- **How to complete this task**
Each line below should be repeated exactly, but no picture should be carried over.

- **Dataset excerpt**
◆ ◆ ◆ ◆ ◆ ◆ ◆

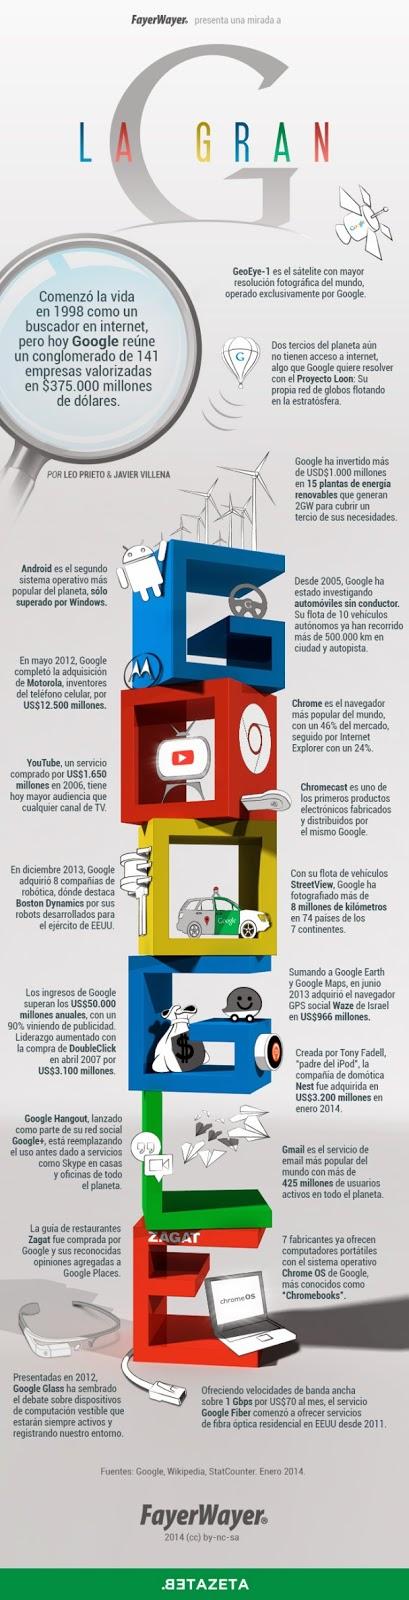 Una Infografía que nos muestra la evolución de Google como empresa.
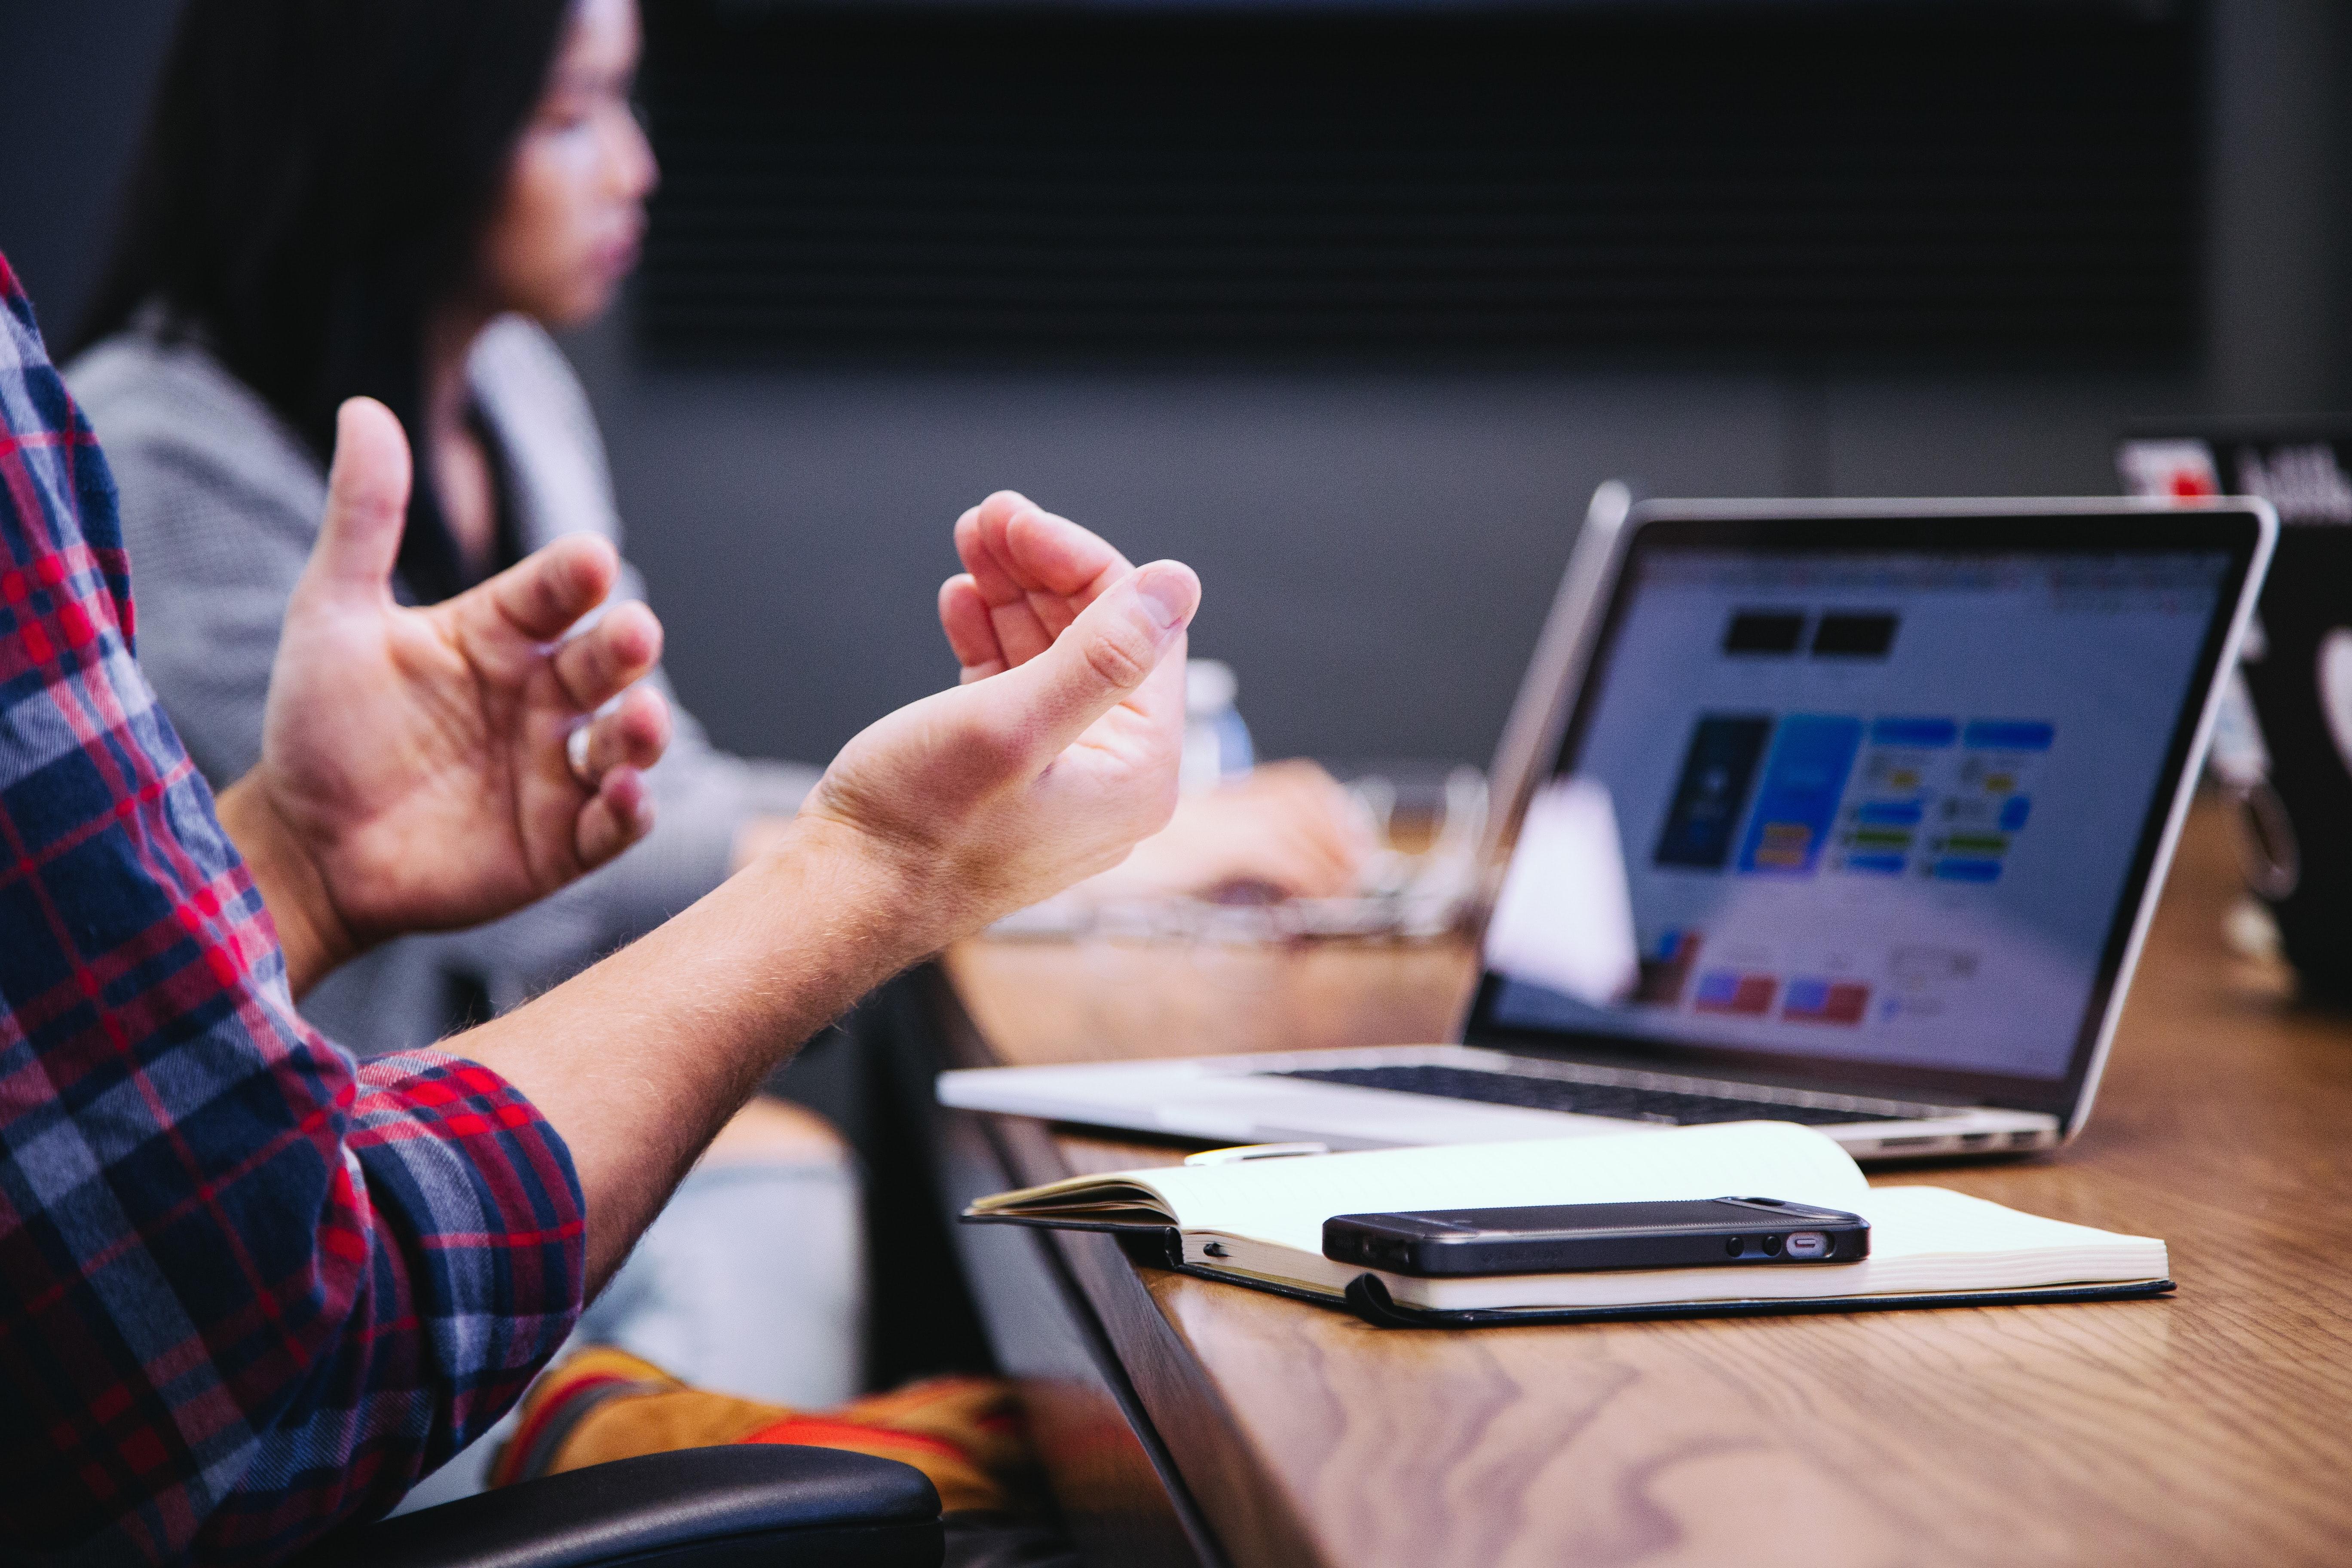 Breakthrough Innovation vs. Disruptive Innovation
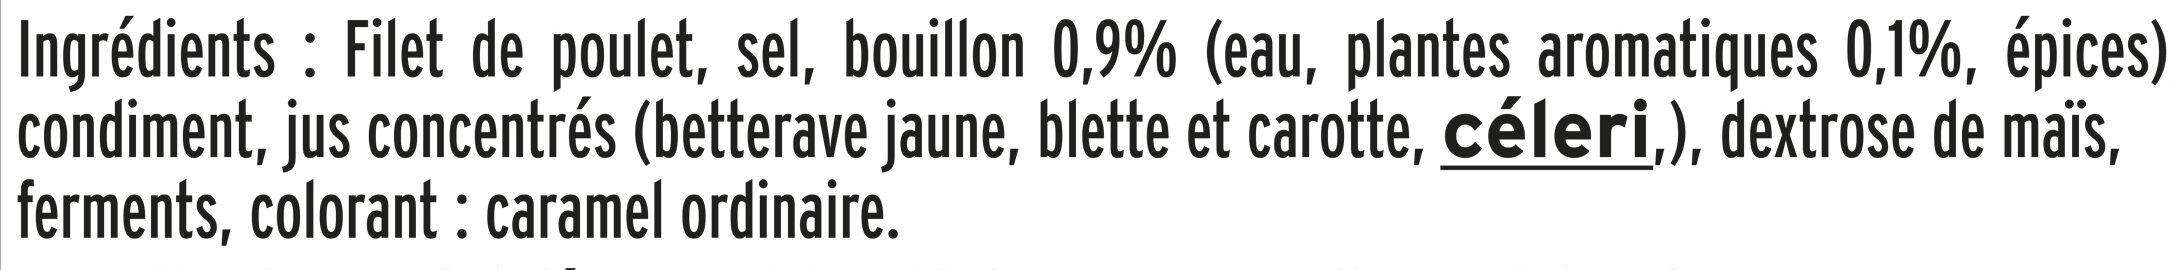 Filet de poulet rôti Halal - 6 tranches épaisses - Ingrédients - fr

◆ ◆ ◆ ◆ ◆ ◆ ◆

- **Response box**
 Una Infografía que nos muestra la evolución de Google como empresa.
 Breakthrough Innovation vs. Disruptive Innovation
 Filet de poulet rôti Halal - 6 tranches épaisses - Ingrédients - fr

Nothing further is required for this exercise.